SUPPLIED RECORDS section start

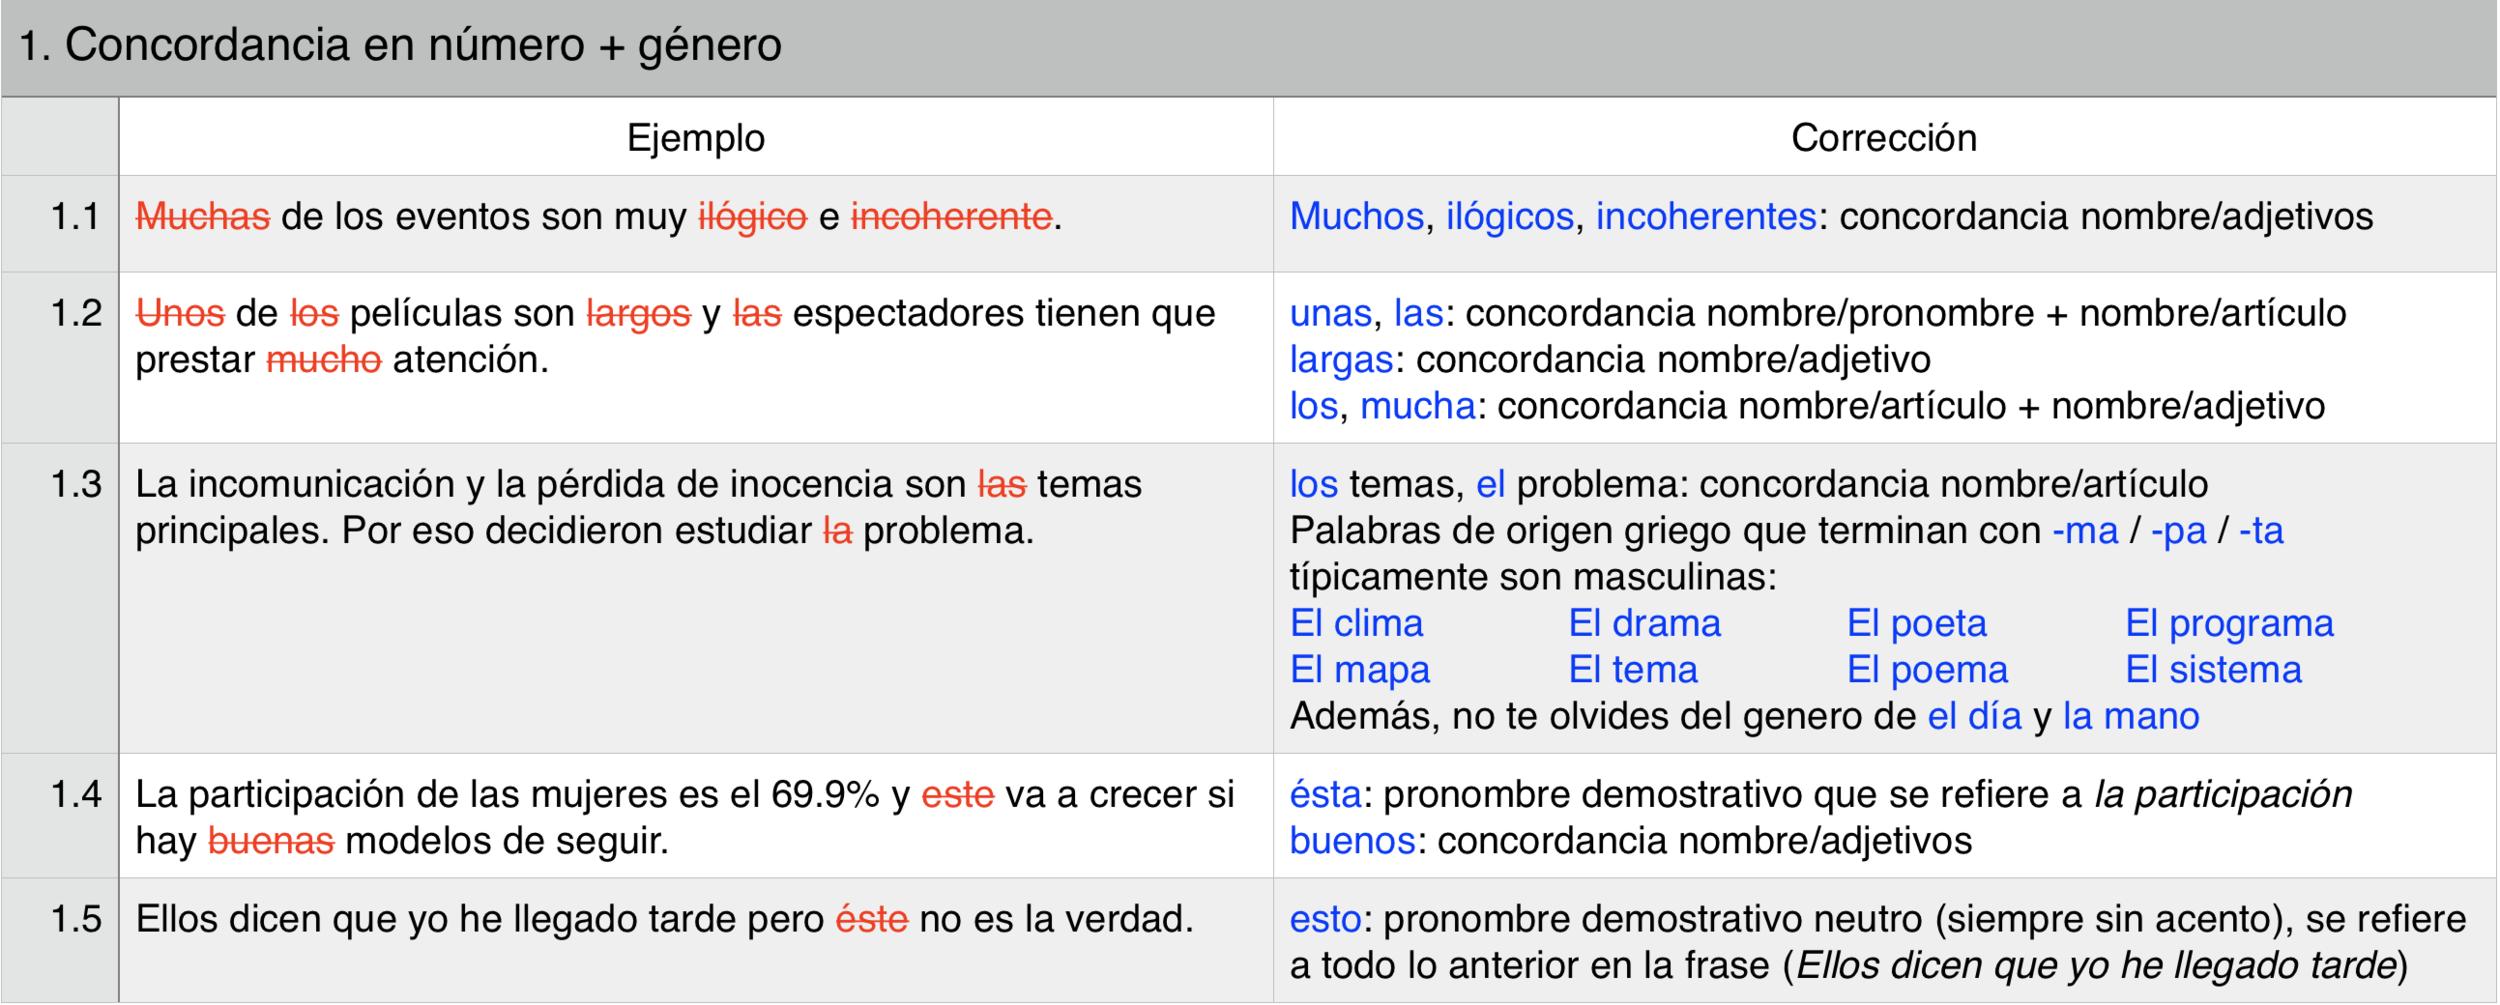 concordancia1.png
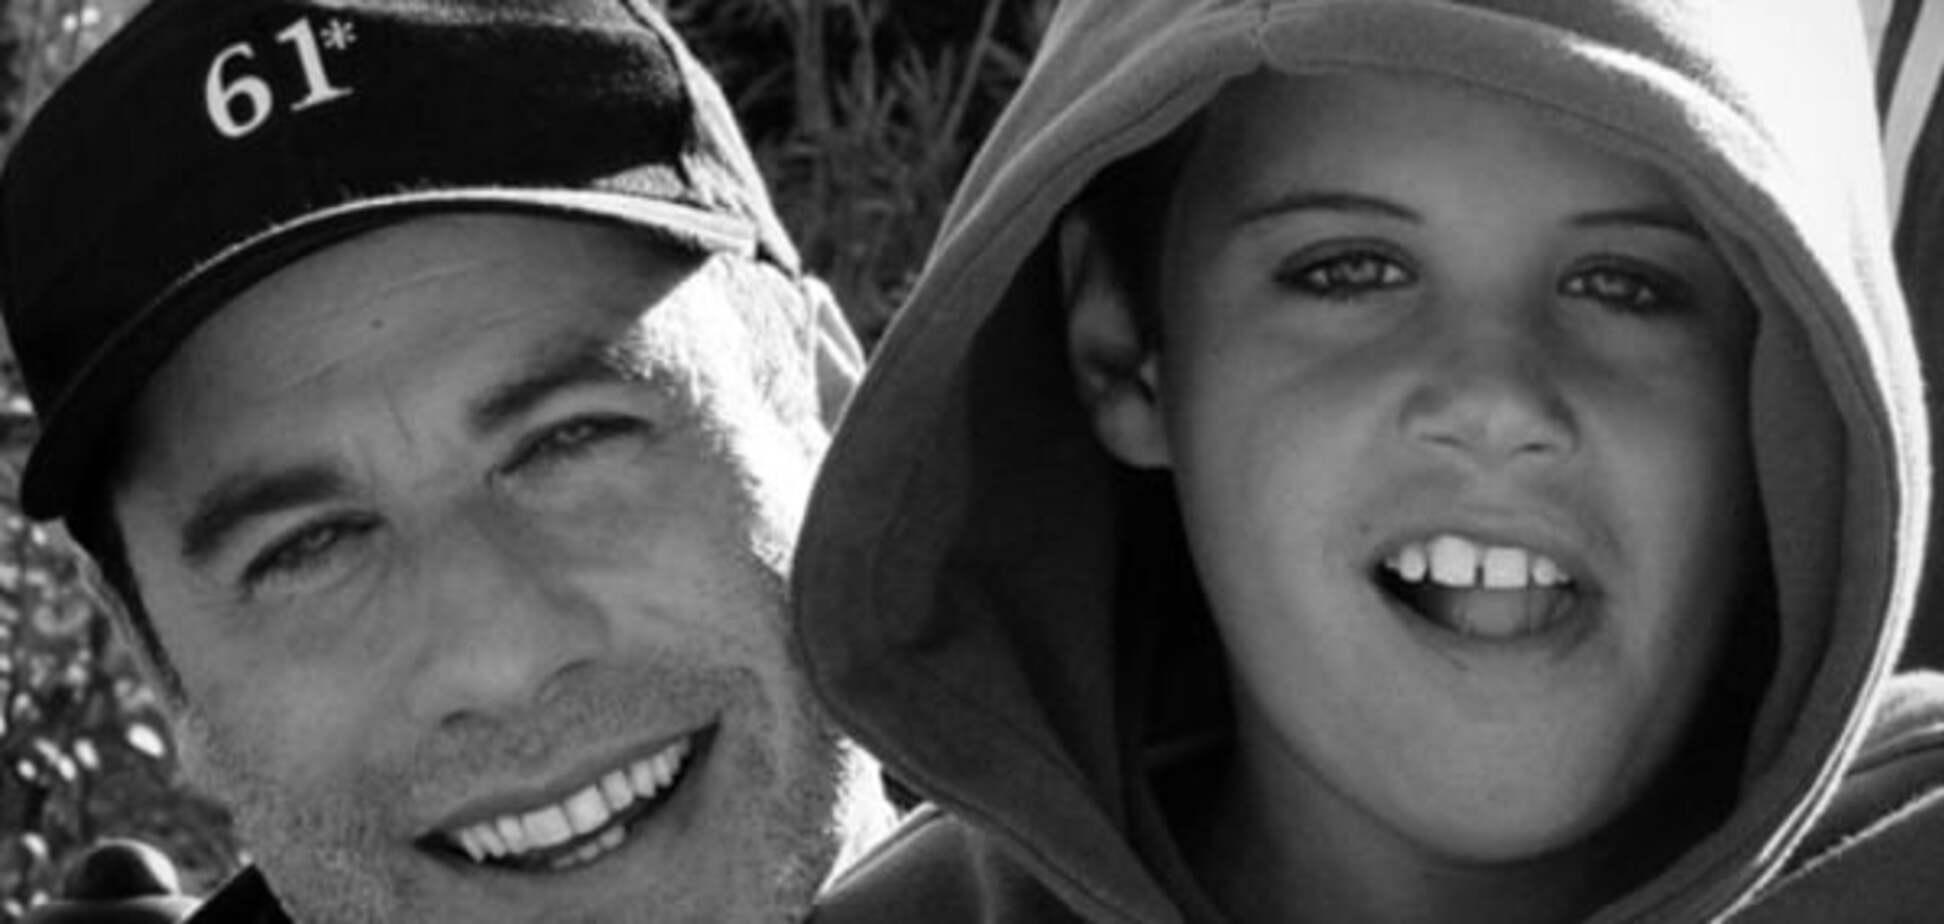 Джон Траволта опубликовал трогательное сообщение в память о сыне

SUPPLIED RECORDS section end
SUPPLIED RECORDS section start

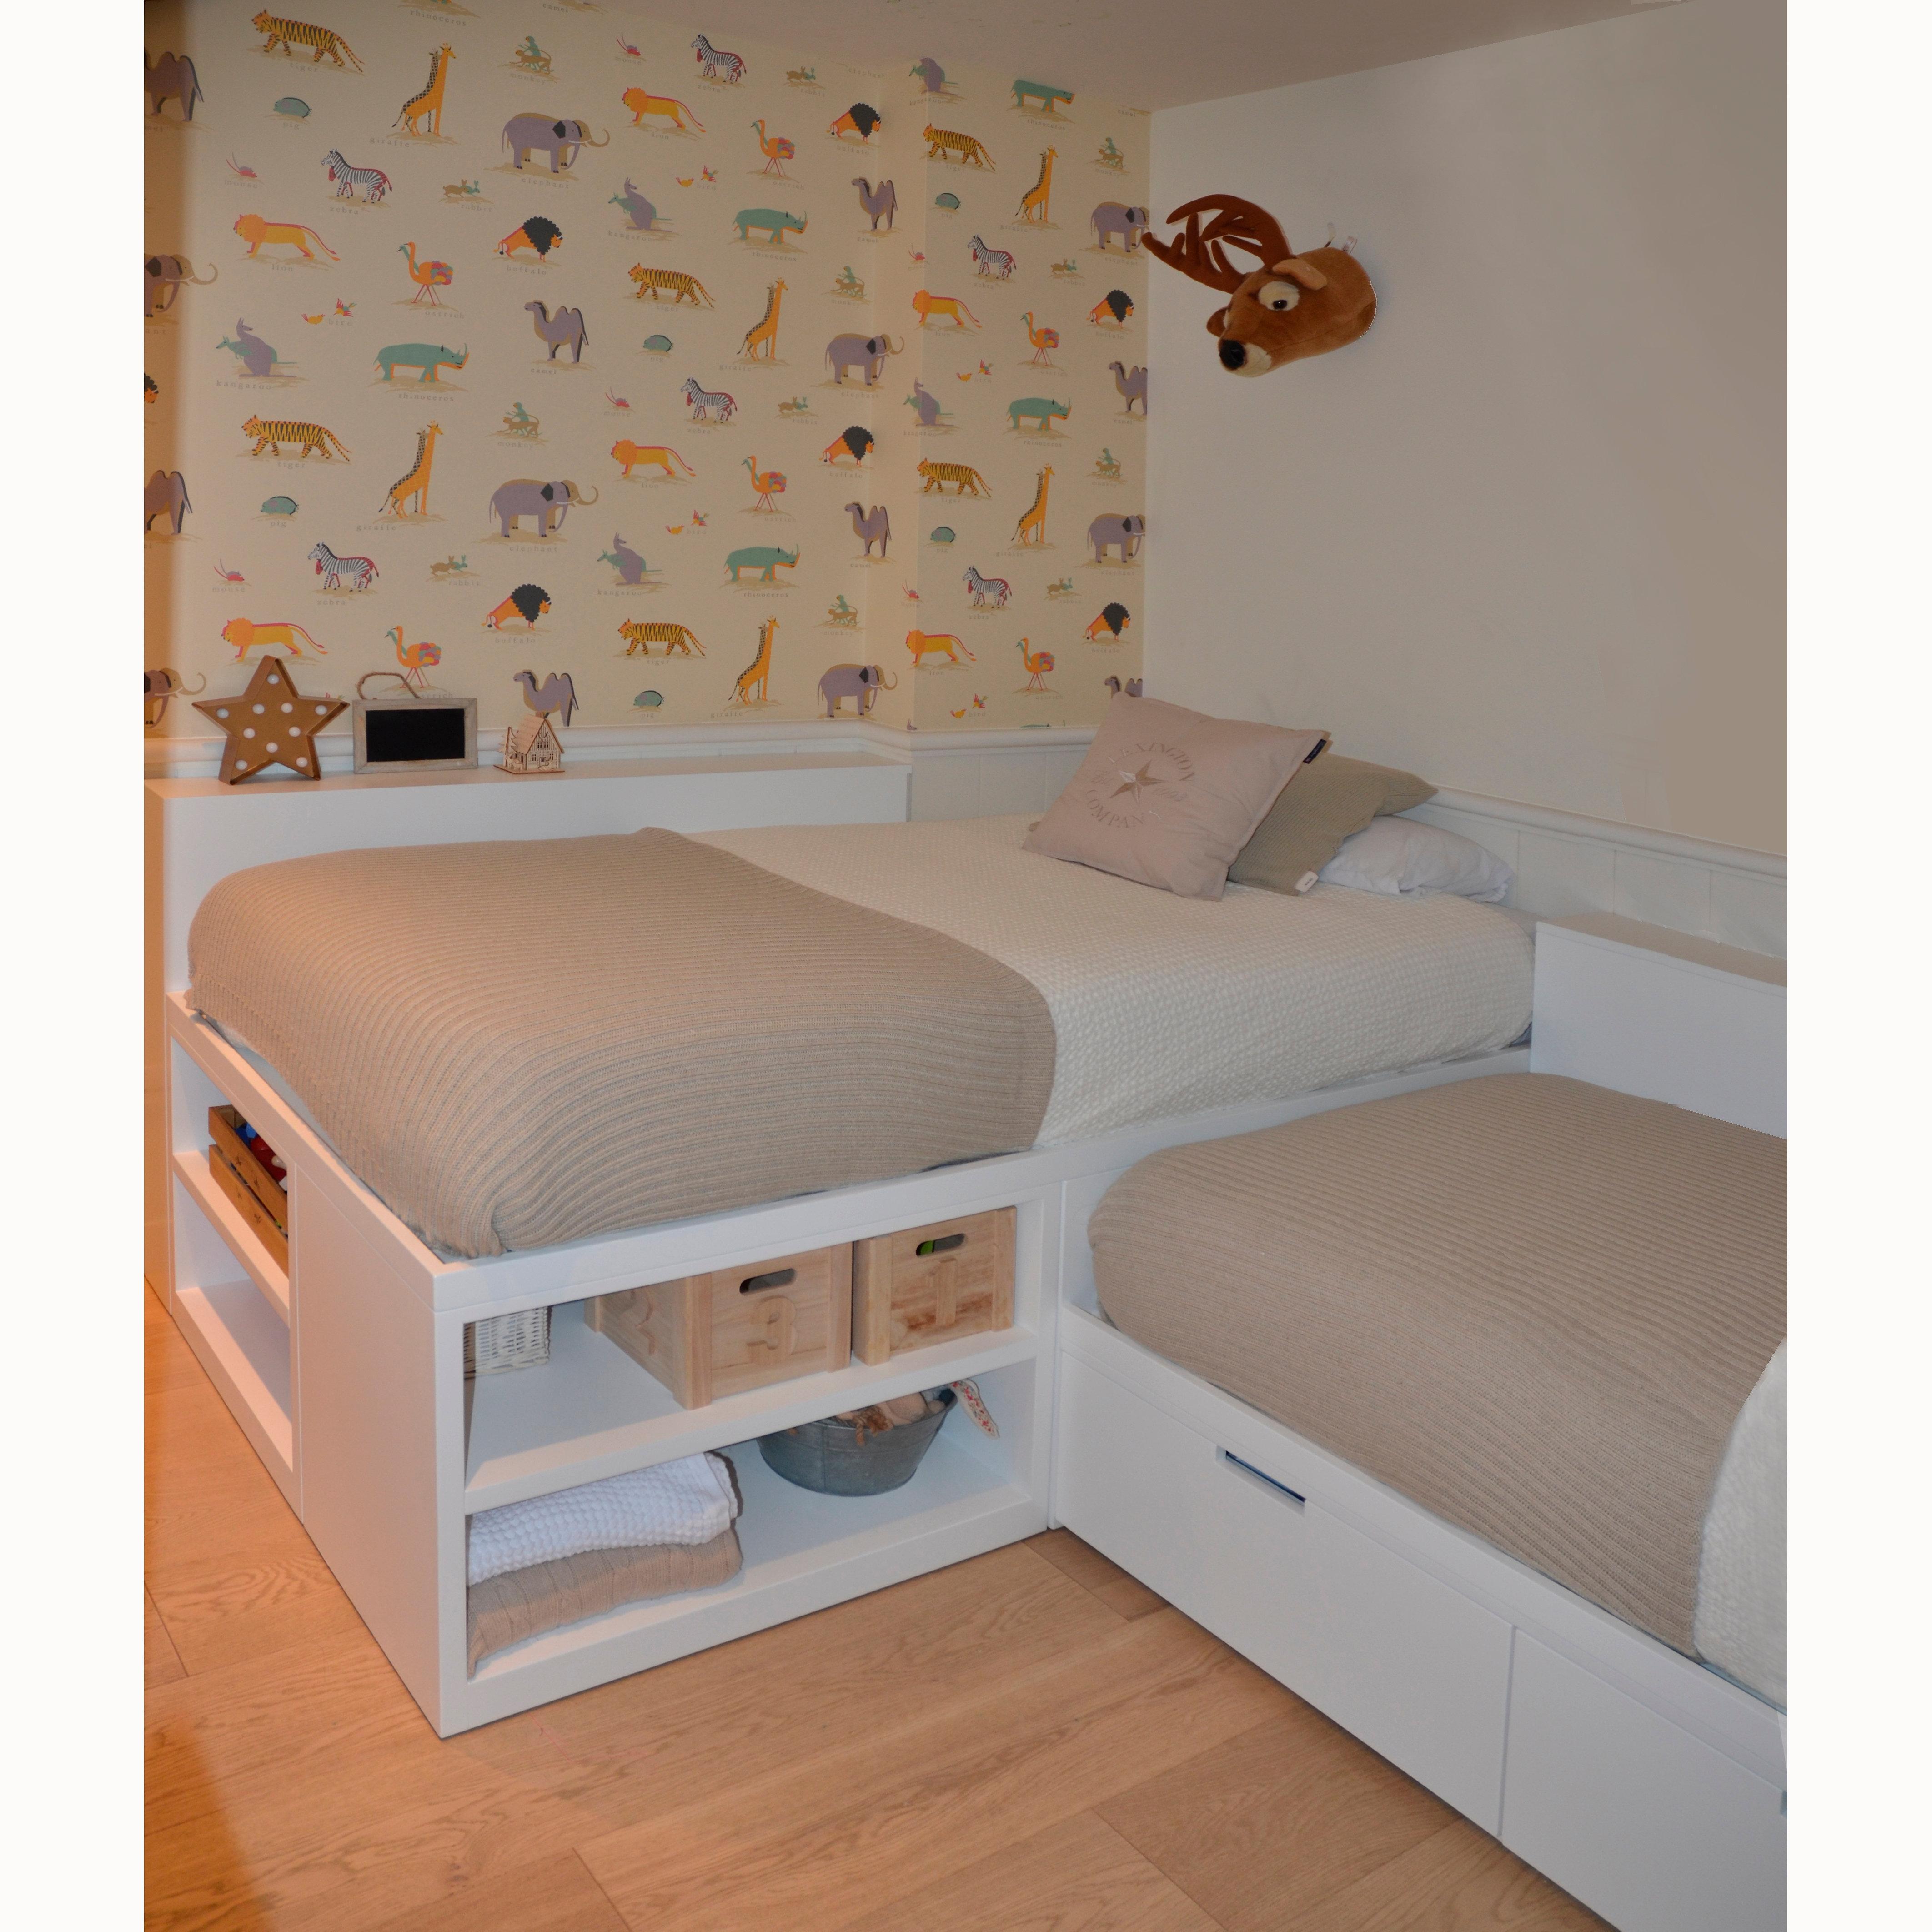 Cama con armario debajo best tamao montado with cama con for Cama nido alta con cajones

SUPPLIED RECORDS section end

* [REQUIRED ACTION]: Reproduce exactly the lines above that run from the one with "concordancia1.png" to the one with "Джон Траволта опубликовал", both included, leaving pictures out.

* [ANSWER AREA]:
 concordancia1.png
 Джон Траволта опубликовал трогательное сообщение в память о сыне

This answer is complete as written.